Execution properties:
- Dry-run is the default
- Filesystem mutation requires explicit
--apply - All writes are sandboxed to a declared target directory
- Actions execute exactly once, in order
- Results are captured as structured data
Two executors exist:
DryRunExecutor (noop)¶
- Simulates execution
- Performs no mutation
- Used when
--applyis absent
FilesystemExecutor (filesystem)¶
- Performs real filesystem operations
- Enforces sandbox boundaries
- Requires explicit
--apply
Execution produces an immutable ExecutionReport containing:
- execution identity
- mode (dry-run or apply)
- ordered action results
- success, skip, and failure states
Logs are not the contract.
The ExecutionReport is.
Phase 4: Materialization¶
Materialization operates strictly on execution results.
It:
- performs preflight validation
- ensures target directory safety
- finalizes output artifacts
- writes execution reports when requested
Materialization never performs discovery or planning logic.

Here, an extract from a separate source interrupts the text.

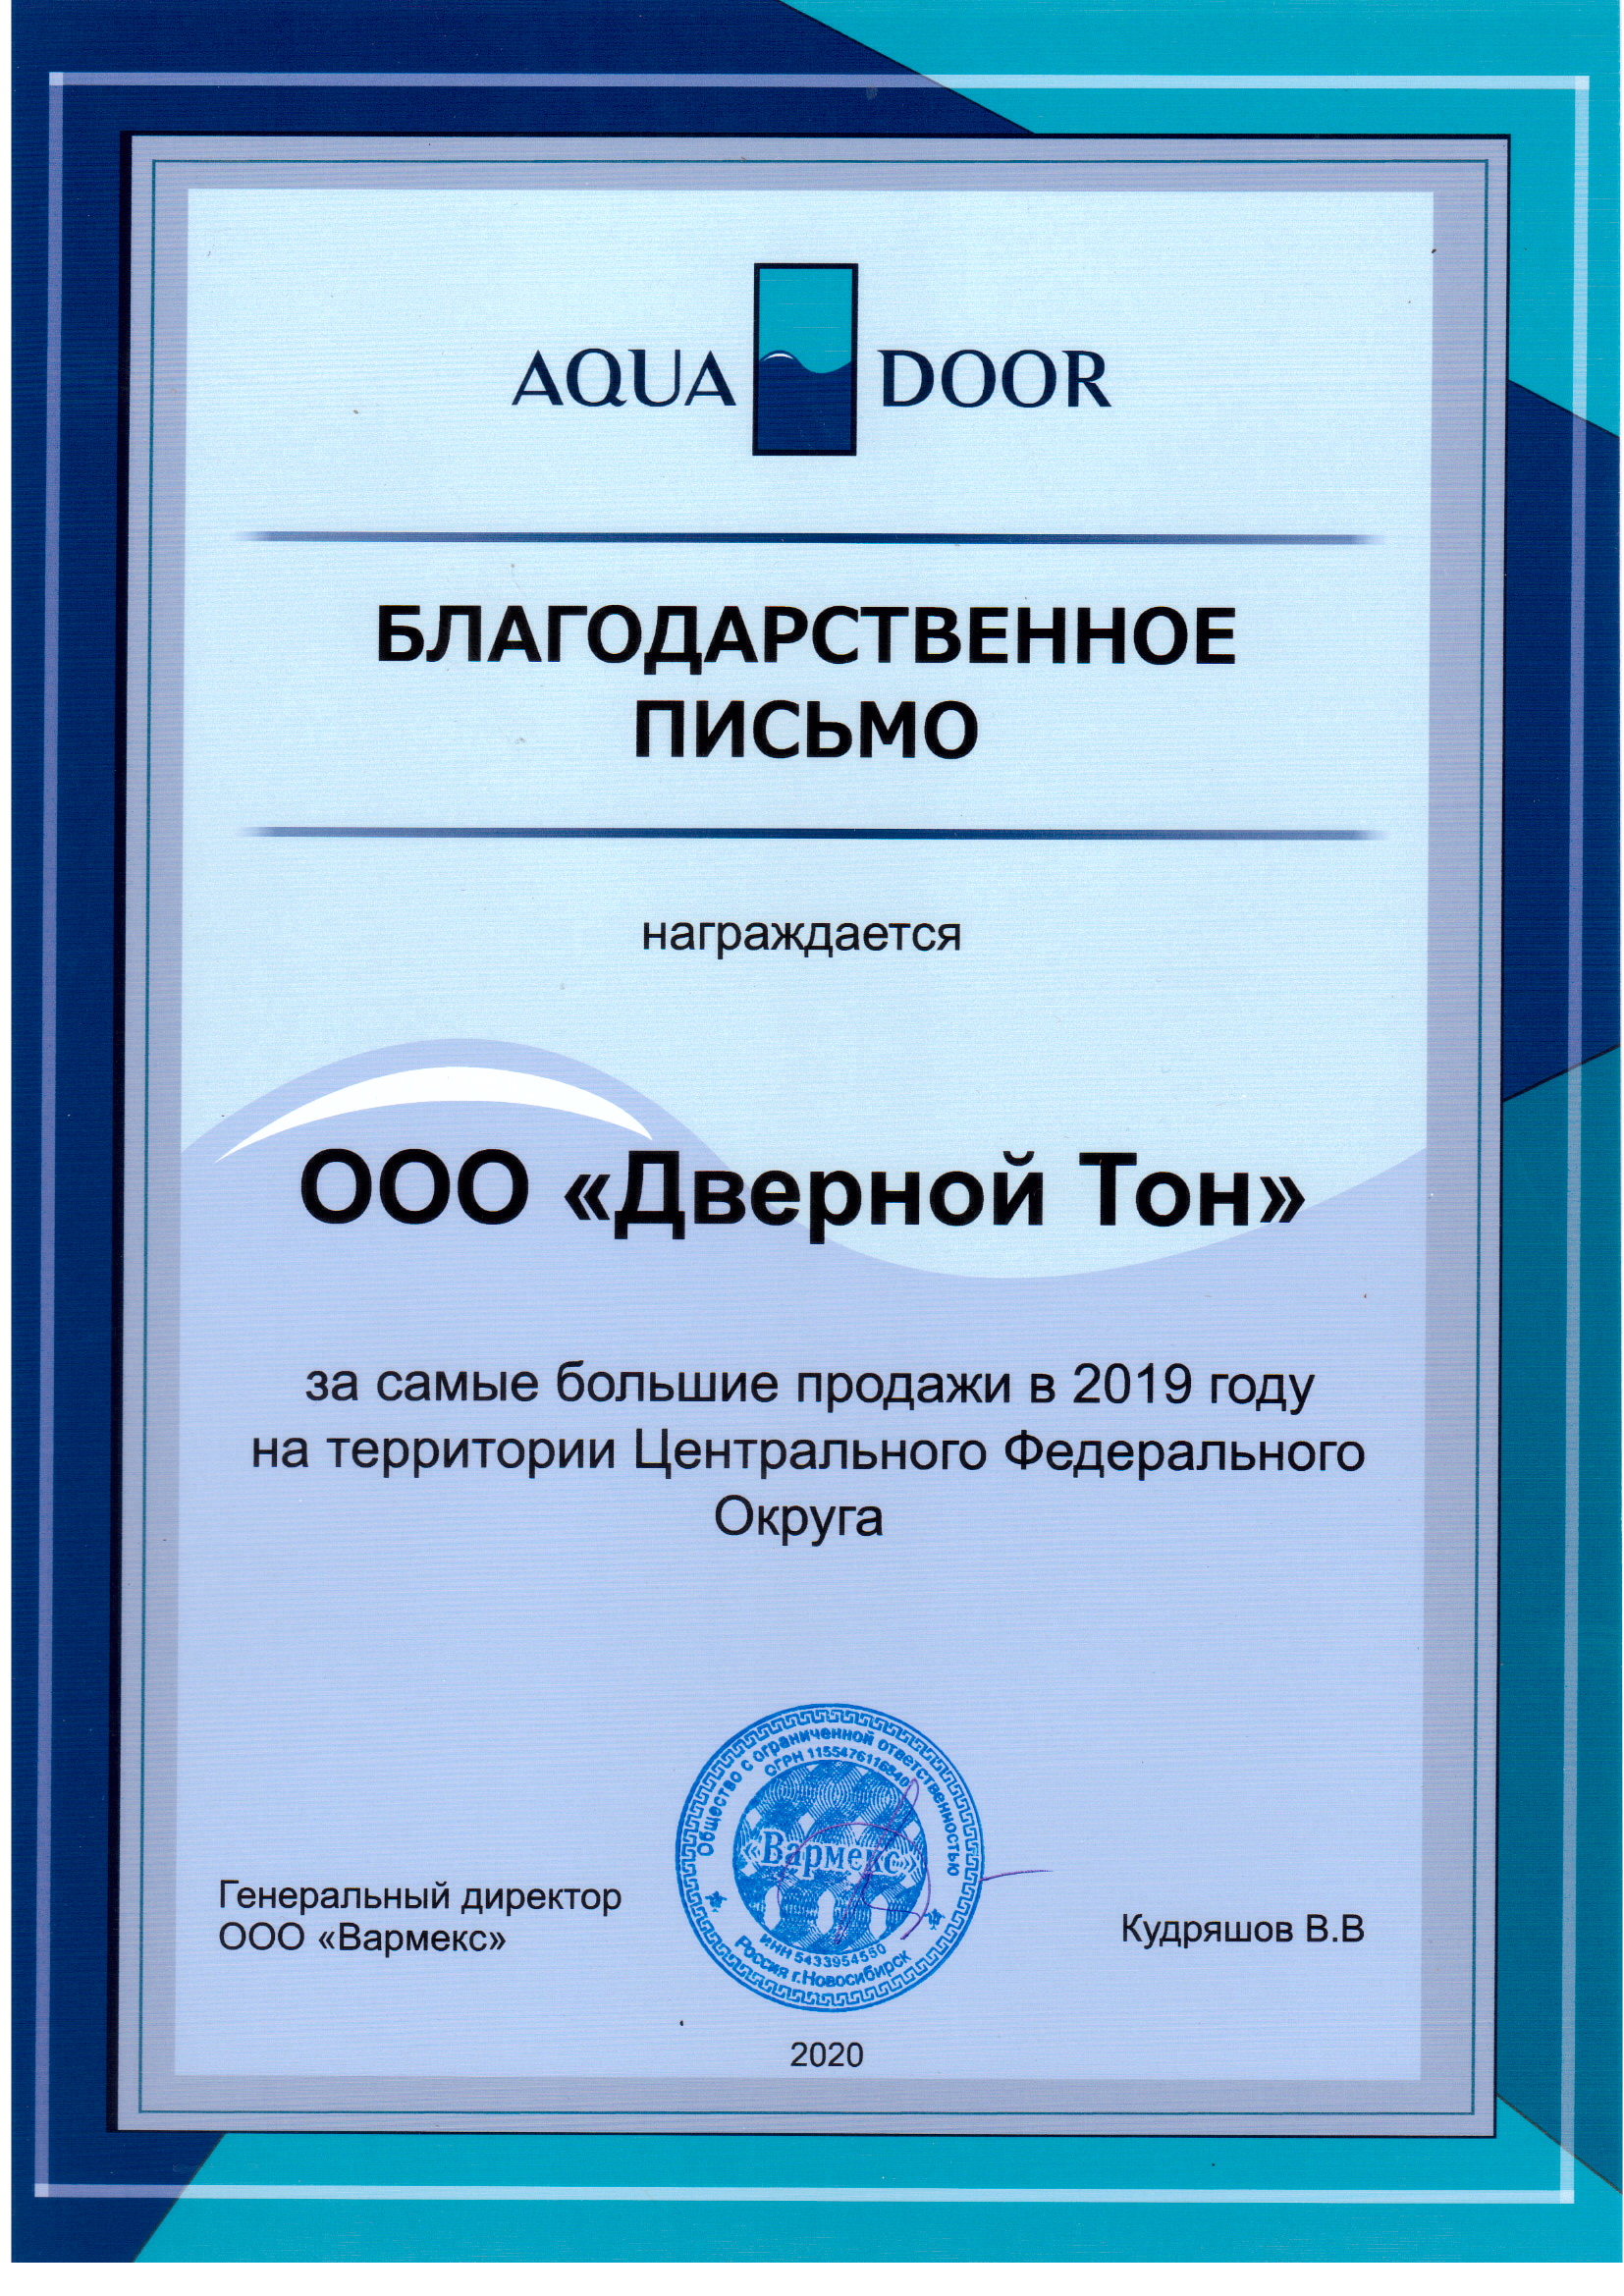 Компания Дверной Тон награждается за лучшие продажи композитных дверей Aquadoor в 2019 году

It is the final boundary before persistence.
Quick Start¶
Run the full pipeline (safe by default)¶
dita_package_processor run \
--package /path/to/dita/package \
--docx-stem OutputDoc
This performs:
- Discovery
- Planning
- Dry-run execution
No filesystem mutation occurs.
Apply changes explicitly¶
dita_package_processor run \
--package /path/to/dita/package \
--target build \
--docx-stem OutputDoc \
--apply
Mutation is:
- explicit
- bounded
- sandboxed
--apply requires --target.
Execute an existing plan¶
dita_package_processor execute \
--plan plan.json \
--target build \
--apply
This:
- skips discovery
- skips planning
- executes the validated plan
Configuration Model¶
Runtime behavior may be influenced via pyproject.toml:
[tool.dita_package_processor]
Configuration may control:
- optional planning behaviors
- naming conventions
- feature enablement
Precedence:
CLI arguments > pyproject.toml > defaults
Configuration never overrides structural validation.
It only enables predefined, safe behaviors.
Execution Model¶
The pipeline is linear and explicit:
Discovery → Planning → Execution → Materialization
There is:
- no implicit branching
- no hidden retries
- no heuristic repair
- no runtime inference
Each boundary is enforced by schema and contract validation.
Why This Exists¶
This tool exists because real DITA corpora are inconsistent.
In practice:
- Bulk exports contain structural ambiguity
- Scripts mutate content without proof
- Assumptions fail silently
- Errors surface too late
The DITA Package Processor favors:
- Observation before action
- Plans before mutation
- Determinism over cleverness
- Explicit boundaries over implicit behavior
- Systems that survive hostile corpora
If you want deterministic batch processing over real DITA packages, this tool exists for you.
If you want inference, auto-repair, or magic, it does not.
Documentation Map¶
- Getting Started
- CLI Reference
- Discovery Architecture
- Planning Contracts
- Execution Model
- Materialization
- Configuration (
pyproject.toml) - Design Rationale
- Extension Guide
- Testing Strategy
Each document is intentionally narrow and non-overlapping.
Summary¶
The DITA Package Processor is conservative by design:
- Discovery before planning
- Planning before execution
- Dry-run before mutation
- Explicit permission required
- Deterministic ordering
- Schema-validated artifacts
- No hidden behavior
This system is built to survive real-world DITA packages, not ideal ones.